AICurious Logo

What is: MacBERT?

SourceRevisiting Pre-Trained Models for Chinese Natural Language Processing
Year2000
Data SourceCC BY-SA - https://paperswithcode.com

MacBERT is a Transformer-based model for Chinese NLP that alters RoBERTa in several ways, including a modified masking strategy. Instead of masking with [MASK] token, which never appears in the fine-tuning stage, MacBERT masks the word with its similar word. Specifically MacBERT shares the same pre-training tasks as BERT with several modifications.
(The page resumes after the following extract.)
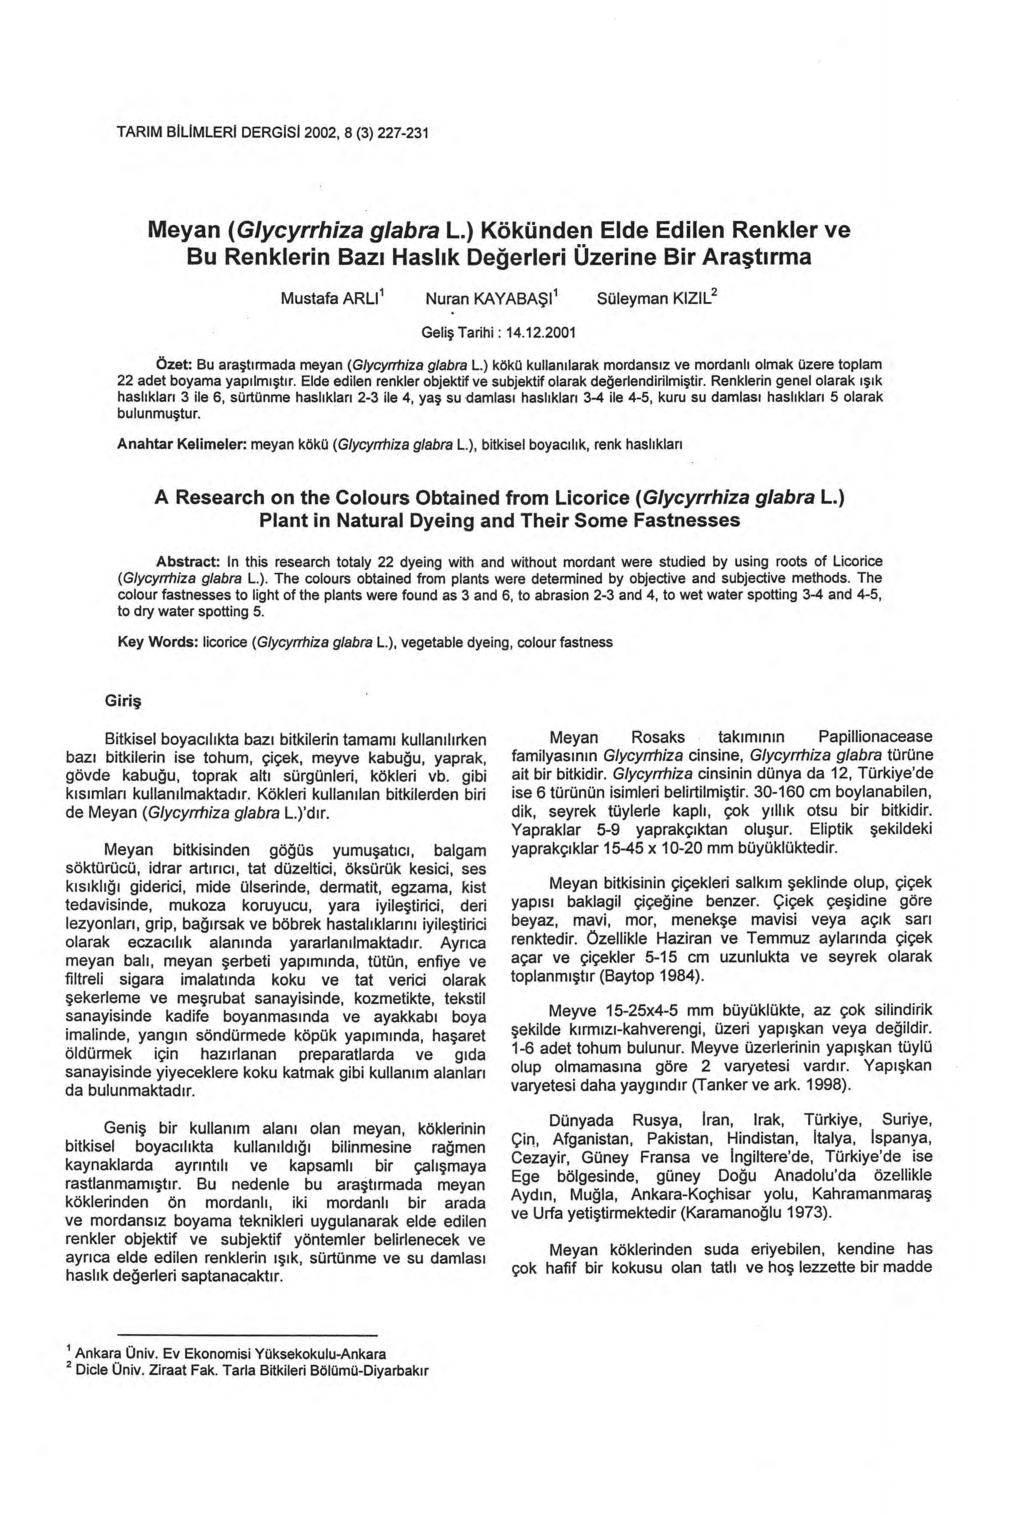 TARIM BILIMLERI DERGISI 2002, 8 (3) 227-231 Meyan (Glycyrrhiza glabra L.

For the MLM task, the following modifications are performed:

  • Whole word masking is used as well as Ngram masking strategies for selecting candidate tokens for masking, with a percentage of 40%, 30%, 20%, 10% for word-level unigram to 4-gram.
  • Instead of masking with [MASK] token, which never appears in the fine-tuning stage, similar words are used for the masking purpose. A similar word is obtained by using Synonyms toolkit which is based on word2vec similarity calculations. If an N-gram is selected to mask, we will find similar words individually. In rare cases, when there is no similar word, we will degrade to use random word replacement.
  • A percentage of 15% input words is used for masking, where 80% will replace with similar words, 10% replace with a random word, and keep with original words for the rest of 10%.